12. Learn Some Basic Poses To Start With
Posing is an art form within photography and it can be overwhelming to try to become skilled at posing.
Instead of trying to be an expert right away, just learn a few basics of posing and start using those basics with everyone you shoot.
Then as you get comfortable with a few simple poses, you can start adding more to your repertoire until you have a lot to choose from and get better at identifying which poses work best with different styles of images and different body types.
13. Chin Out and Down
This posing technique is one that I use with every single person I work with.
Tell them to stick their chin out and then tilt their head down. This simple move may seem awkward but it works wonders at defining the jawline and can minimize or get rid of double chins.
14. Interact For Reactions and Emotion
During the shoot, don’t be afraid to have a conversation with your subject and try to get some reactions from them.
A good natural laugh is often far better than any posed smile. Usually, the best shots happen just as the laughing starts to fade and they are composing themselves. Right between full laughter and total composure is usually a beautiful natural smile.
15. Take Planned Candid Shots
I like to place people in the places and sometimes poses I want and then let them move around and even interact and talk with each other while I shoot.
This works especially well with children. I make sure they stay within the area I want them (usually in front of the flash) but other than that, I’ll let them have fun and play a little bit. I call these planned candid shots and they can work great as an addition to more carefully posed shots.
16. Shoot In Manual Mode
Don’t listen to the online “gurus” telling you to use one of the auto modes like aperture priority. They only make things more difficult.
Learn to use manual mode for portraits so that when you bring them to your computer to edit, later on, each group of images will be consistent with each other. This will save you hours of editing time and let you focus on the more creative aspects of shooting portraits.
17. Choose The Right Focal Length For The Shot
Many inexperienced photographers go right for the focal lengths that are popular for portraits. These are usually in the 70-100mm range.
While these focal lengths work really well for portraits, if you only use them then you’re missing out on some interesting shots.
If you are shooting in an interesting location, try a wide-angle shot to create an environmental portrait or show off a great sunset.
18. Choose Camera Height Carefully
Camera height can affect the look and feel of the image.
A lower camera angle makes the subject look strong and powerful while a higher camera angle can have the opposite effect.
When shooting children, try to get down on their level. Chances are, the majority of photos their parents have of them were taken from adult eye level, so photographing them at their eye level will be much more compelling.
19. Expose For The Subject’s Face
When choosing your camera settings, be sure the subject’s face is exposed.
This can be tricky when shooting outdoors because settings that will expose their face may cause the bright sky to be completely overexposed. That’s ok…the face is the important part.
20. Use Single Point or Eye Autofocus
Use focus settings that allow you to target the eyes as precisely as possible.
For years, this meant using single-point autofocus so that I could place that single point directly over the eyes.

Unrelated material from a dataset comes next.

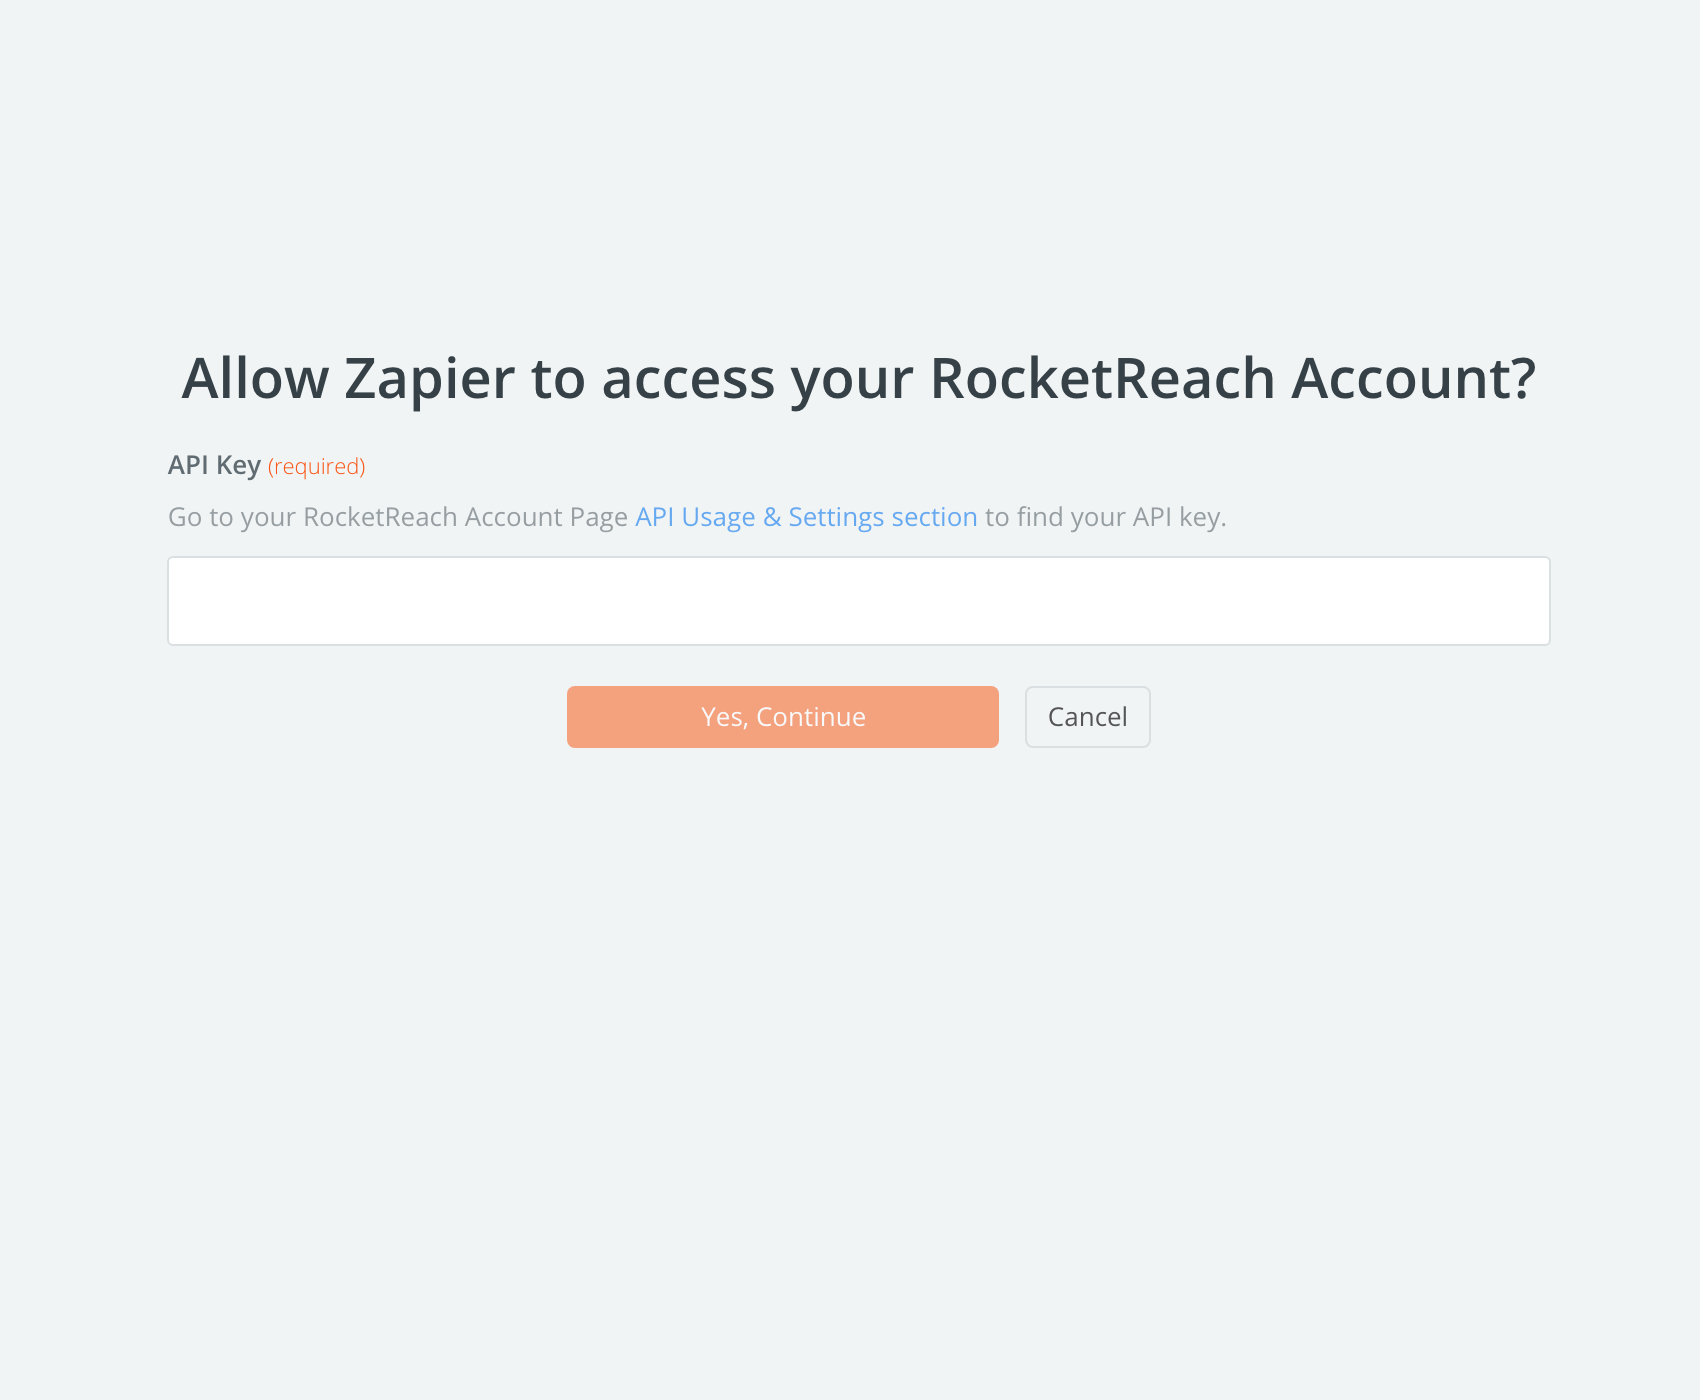 RocketReach API Key

However, many modern mirrorless cameras have “eye autofocus” that will find the subject’s eyes and automatically focus on them. It’s a great feature and if your camera has it, spend some time getting comfortable with it.
21. Avoid Motion Blur
Most of the time you’ll be shooting portraits handheld. So even if your subject isn’t moving a lot, just the instability of your hands can cause motion blur if your shutter speed isn’t fast enough.
A simple rule to ensure your shutter speed is fast enough it to use 1/focal length. So if you’re shooting at 50mm then make sure your shutter speed is at 1/50 sec. or faster.